Weekly Sabbath (שַׁבָּת — Shabbat)
→ Occurs every 7th day (what we call Saturday)
High Sabbath / Great Day
→ A festival Sabbath, tied to feast days like Passover and Unleavened Bread
→ Can fall on any day of the week
📅 Why this matters
If the “Sabbath” after the crucifixion was a High Sabbath (festival day) rather than the weekly Sabbath, then:
The crucifixion did not have to occur on a Friday
There could have been:
A festival Sabbath (e.g., Thursday)
Followed by a regular weekly Sabbath (Saturday)

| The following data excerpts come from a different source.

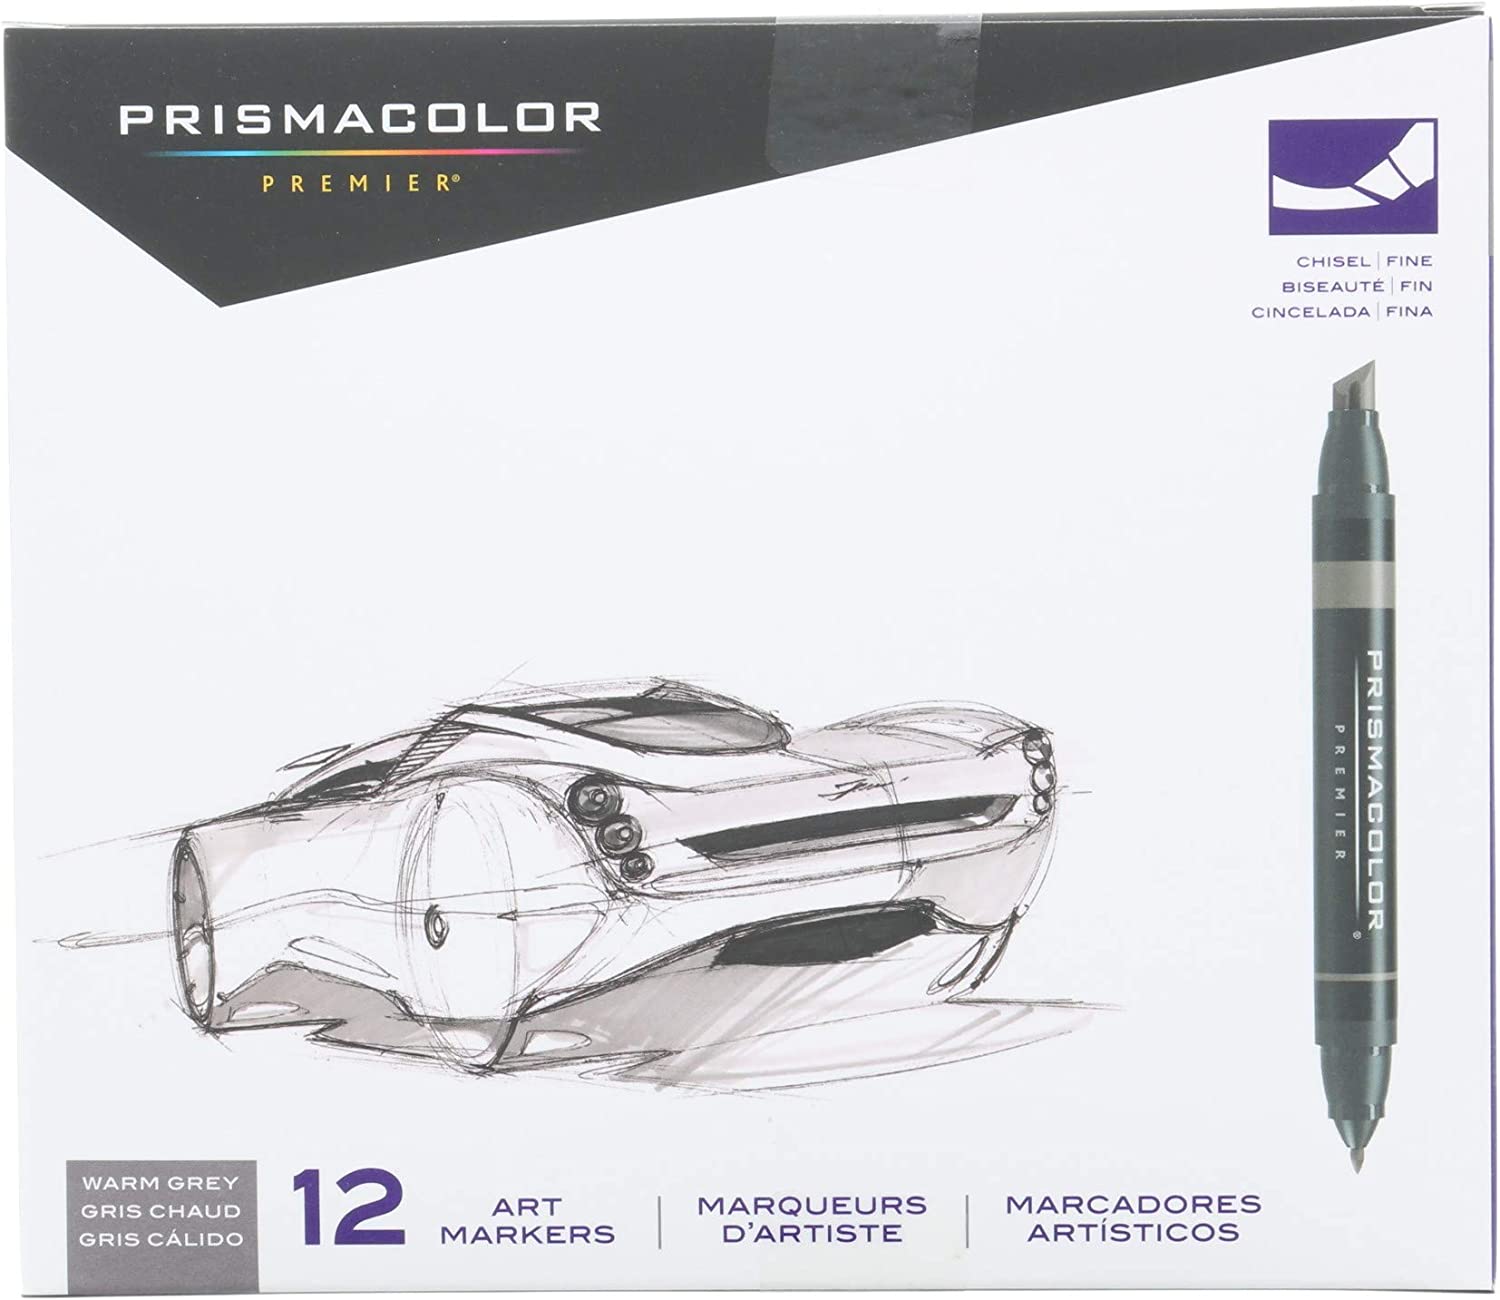  Prismacolor Premier Double-Ended Art Markers, Fine and
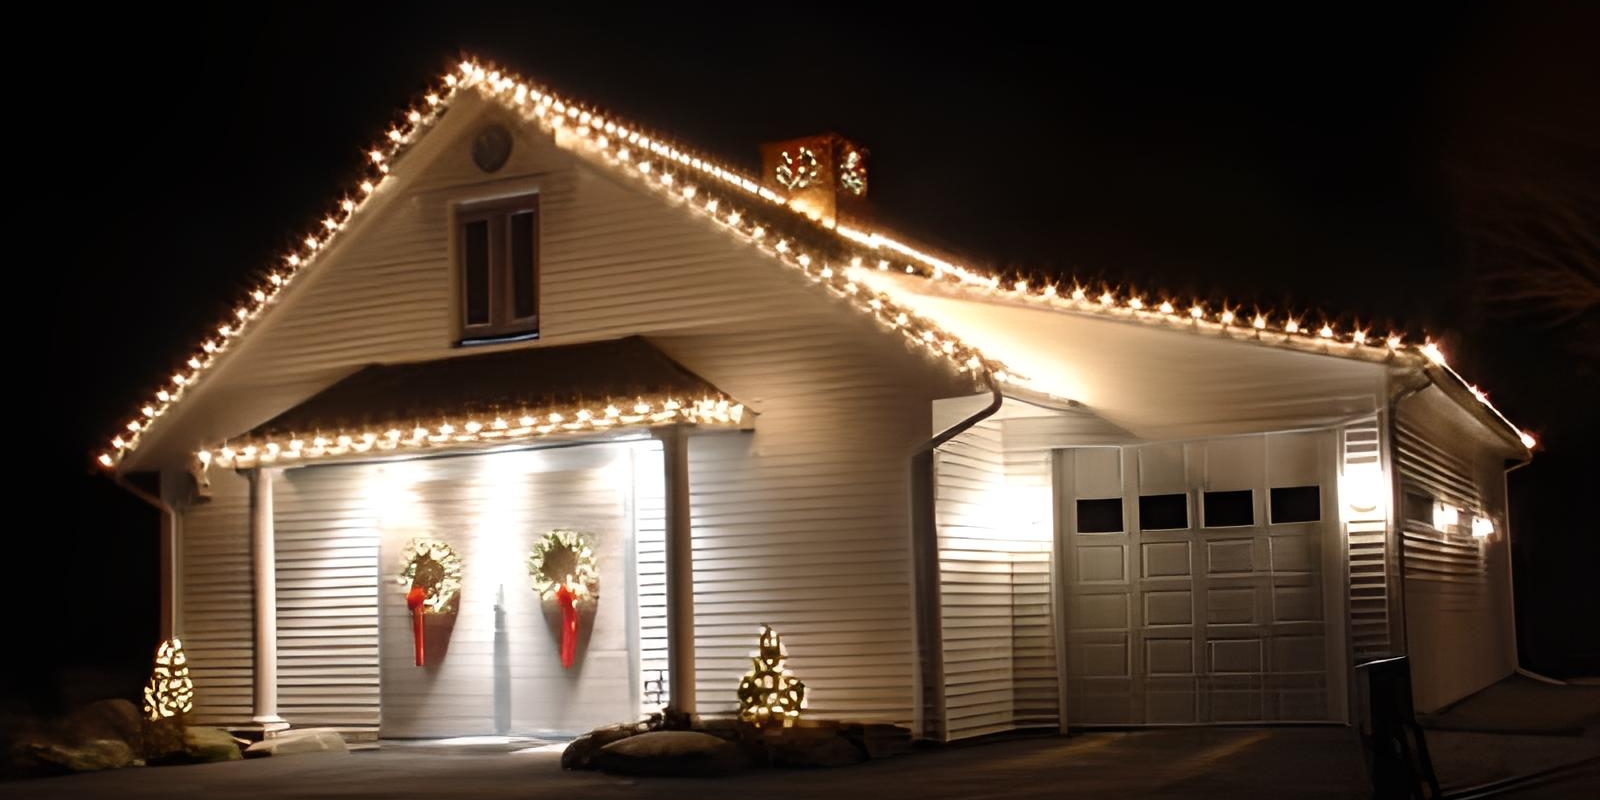 Adding Festive Flair to Your Horse Stall Gates
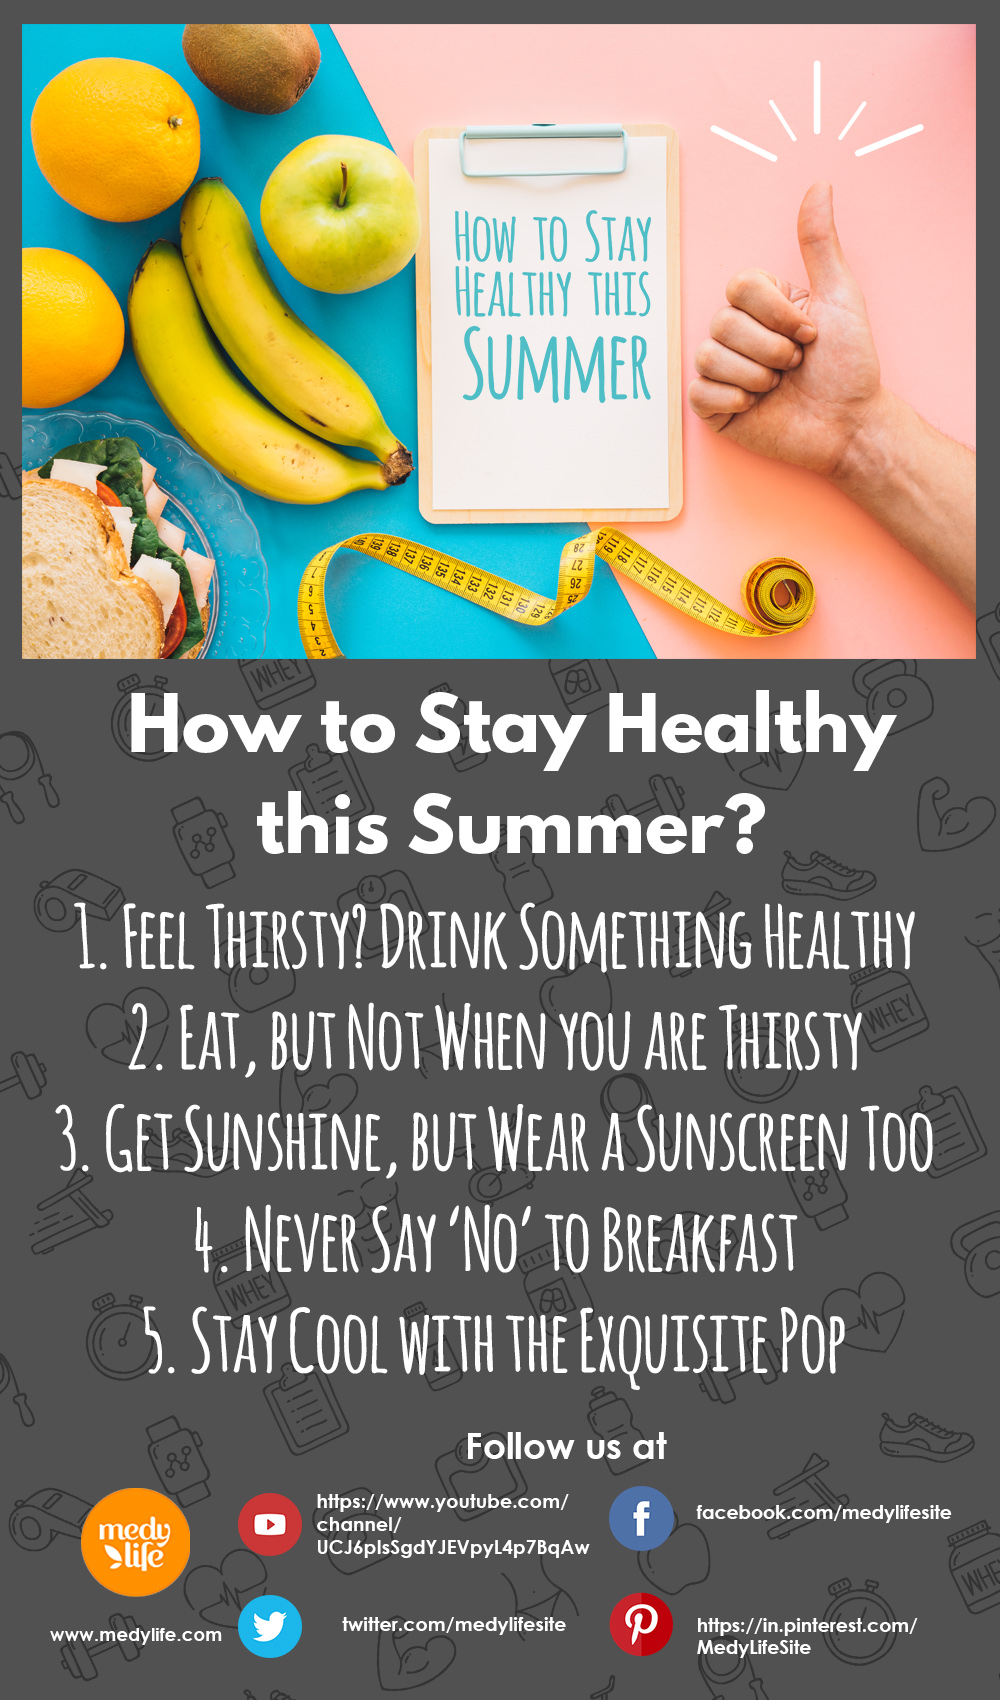 How to Stay Healthy this Summer INFO
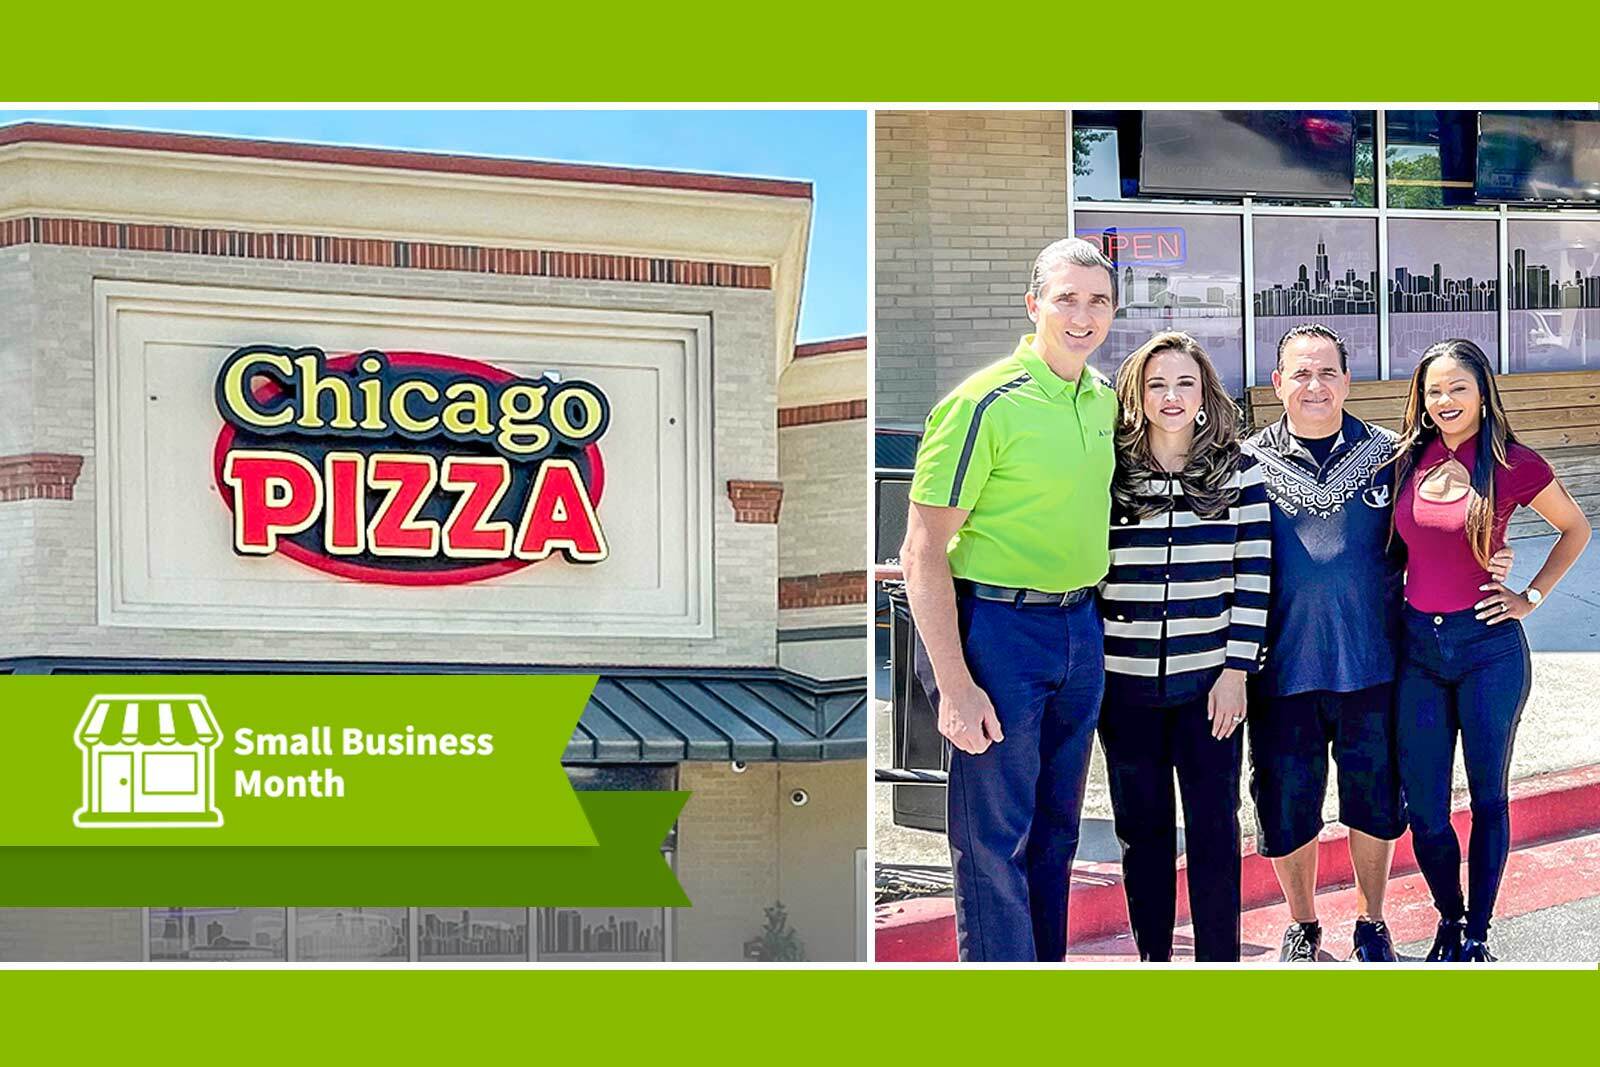 chicago pizza exterior, owner group photo and small business month...

This creates two Sabbaths in the same week
🧩 Supporting the alternative timeline
When you read the accounts with this distinction:
The women prepare spices after one Sabbath
But also rest on another Sabbath
This only makes sense if:
There were two separate Sabbaths, not one
👉 Which fits perfectly with:
A midweek crucifixion (Wednesday)
A literal 3 days and 3 nights
⚖️ The implication
The text itself subtly distinguishes:
A regular Sabbath
From a “high” (festival) Sabbath
And once that distinction is recognised,the traditional Friday-only framework becomes less fixed—while the alternative timeline becomes textually consistent without forcing the count.
🏛️ Why the Friday–Sunday Model Stayed
It wasn’t random.
1. 📜 Institutional Simplicity
Easier to teach
Easier to standardise
2. ⛪ Tradition Over Precision
Focus became event, not duration
3. 🏛️ Roman Structuring
Calendar alignment shifted away from Hebrew reckoning
⚖️ Two Ways to Read It
🔹 Tradition-Based View
Friday → Sunday
Inclusive counting
Phrase seen as flexible
🔹 Text-Based View
Literal “3 days & 3 nights”
Timeline adjusted to match
Passover context considered
🔍 The Real Question
This isn’t about arguing dates.
It’s about something deeper:
When scripture is specific…do you adjust the text—or adjust your understanding?
🧠 Final Line
If the sign of Jonah was meant to prove identity…
Then it wasn’t just:
that He died
or that He rose
It was WHEN He rose.
And that makes the time line not a detail… but part of the sign itself.